Shortly after this I made a conscious decision to stop feeling sorry for myself, and started thinking of both the milk AND the sacrifice of pumping as a gift to him. I'd pray for him at night when I pumped, and was so happy knowing I was giving him the best start in life I possibly could. Also I was always aware in the back of my mind that I was so blessed even to HAVE him. Any number of things could have happened, especially with his cord. [Edited, too personal to post, sorry] I was absolutely devastated for them, and began to offer up my small suffering of not breastfeeding and having to pump as a prayer for them. My problems paled in comparison.
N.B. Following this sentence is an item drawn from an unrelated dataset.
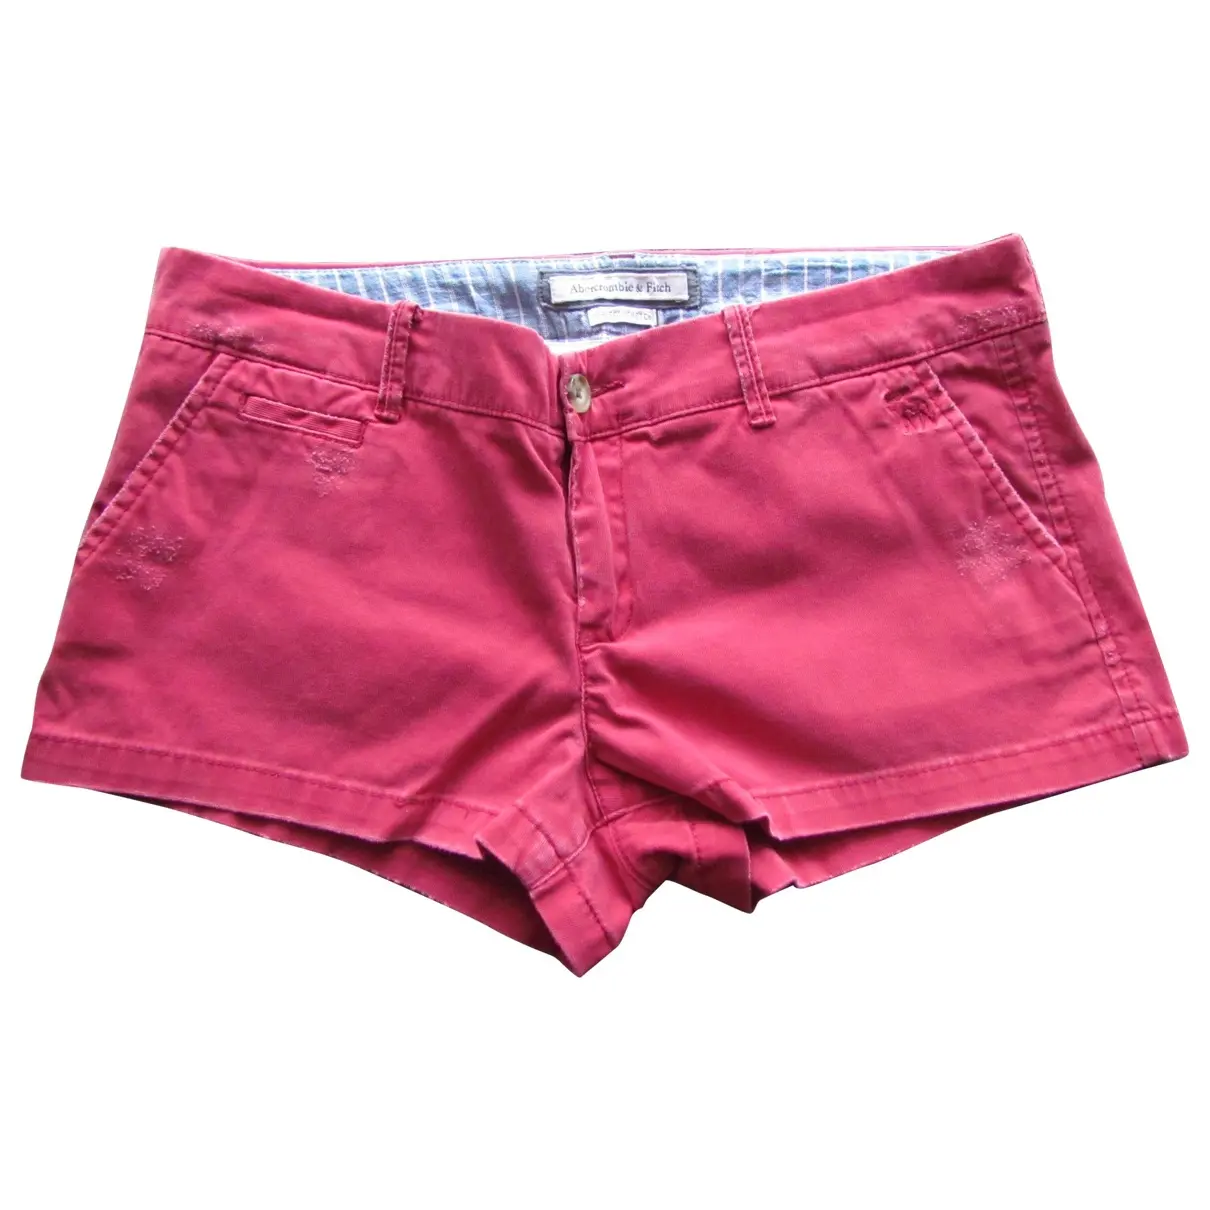 SHORTS Abercrombie & Fitch

I'm not sure exactly when this happened, but we started getting into a groove. My kids calmed down when I was pumping. We have some pretty great pictures of my 2 year old son "pumping," and recently my daughter started sitting on the couch, feeding her baby a bottle, and then pretending to pump her outie belly button. I learned to use the hand pump so I wasn't always tied to the house. My supply jumped and I was producing more each day than he needed. I also learned that I could scald the milk before I froze it, and he would drink it just fine that way. That was a huge relief! When he was born, the pediatrician said to expect at least 1 ear infection a month. He had one when he was 7 weeks old but has not had one since. He never gets sick. The pediatrician raves about how healthy he is at each well baby check up. At 6 months he was 16 lbs, 15 oz! The doctor and nurse were both shocked that I was still pumping. I told them my next big goal was 12 months, and that I'd probably try to go 15-16 months to get him through his surgery.
This has definitely been a learning experience. I am so happy, grateful, relieved and proud that I've been able to keep this up. I fall more in love with my sweet baby every day. At the beginning I was worried that we wouldn't bond like I had with my other two. That has not been the case at all. I love feeding him his bottle now. He always holds my hands and stares at me when I feed him. I'm proud and happy whenever I give him a bottle of breast milk. I would do anything to protect him. I want to be his advocate and make sure he gets the best care possible. I'm very grateful for all the support I've received from friends and family, and for the opportunities I have already had to encourage others in similar situations. We still have a long road ahead of us but I'm confident we can handle it. And I would not trade this baby for anything in the world.